Конечно, можно было бы сориентироваться на иного, ныне куда более массового потребителя – патриотического. Точно так же разить наотмашь любого, кто высунется, но только наоборот, этак с любовью к России, из коей вскорости беспременно долженствует воспоследовать спасение бездуховного человечества. Какое-то время Ласкин всерьез рассматривал подобный вариант. Инородец-патриот – это было бы сильно. Его бы тут на руках носили. Президент вешал бы ордена ежегодно. Но каким человеческим отребьем, какой черносотенной мразью оказался бы сразу заполнен круг общения!

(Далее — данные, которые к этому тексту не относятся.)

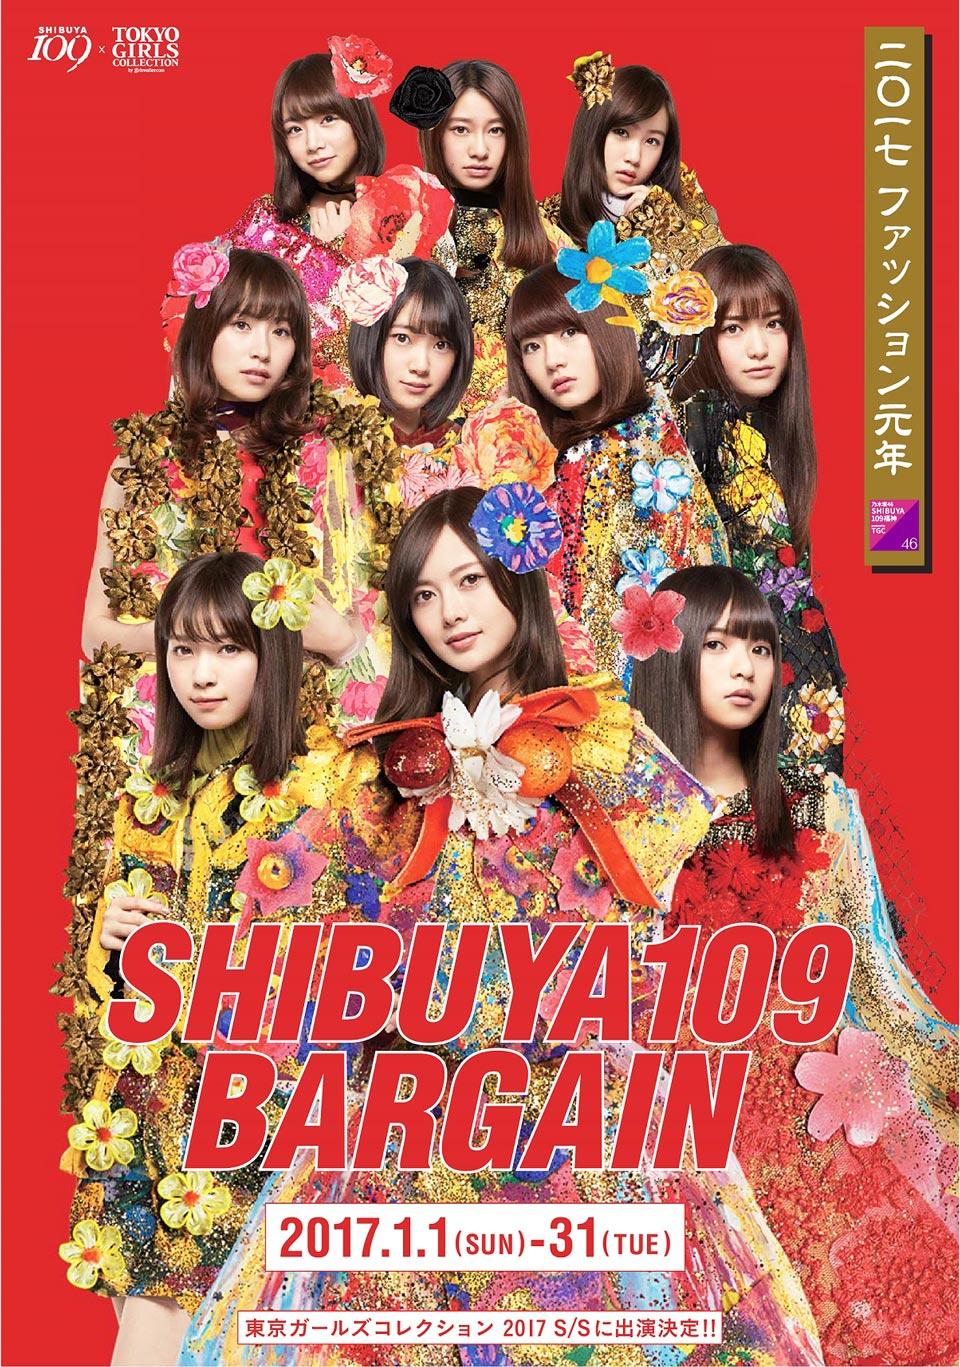 乃木坂46 SHIBUYA109福神 produced by TGC

Просто посмеяться и то стало бы не с кем! И одновременно оказался бы автоматически перекрыт Запад; на фига Западу российские патриоты? А почет здесь и почет на Западе – вещи несопоставимые. Утрату возможности быть уважаемым и одобряемым там не скомпенсируют никакие туземные дифирамбы, деньги и регалии. И кроме того, льстить тупому хамью и превозносить его уродства можно было бы себя заставить разве что в обмен на перспективу лет через пять-семь такой каторги стать президентом Соединенных Штатов. А поскольку столь ценный приз уж никак не светил, игра не стоила свеч. И Ласкин пошел традиционным, проверенным путем. Жаль, насовсем перебраться на Запад тоже было нельзя – никто слушать не станет. Притеснениями властей и риском физического уничтожения уже не поиграешь, а на чем тогда строить образ? Только на десятилетиями культивировавшейся тамошней святой вере, будто тут и взаправду на каждого оппозиционного журналиста в любой подворотне по пять озверелых чекистов с кривыми ржавыми ножами… Не приведи Бог, Россия каким-нибудь чудом помирится с Западом, и там перестанут веровать в нескончаемый русский террор.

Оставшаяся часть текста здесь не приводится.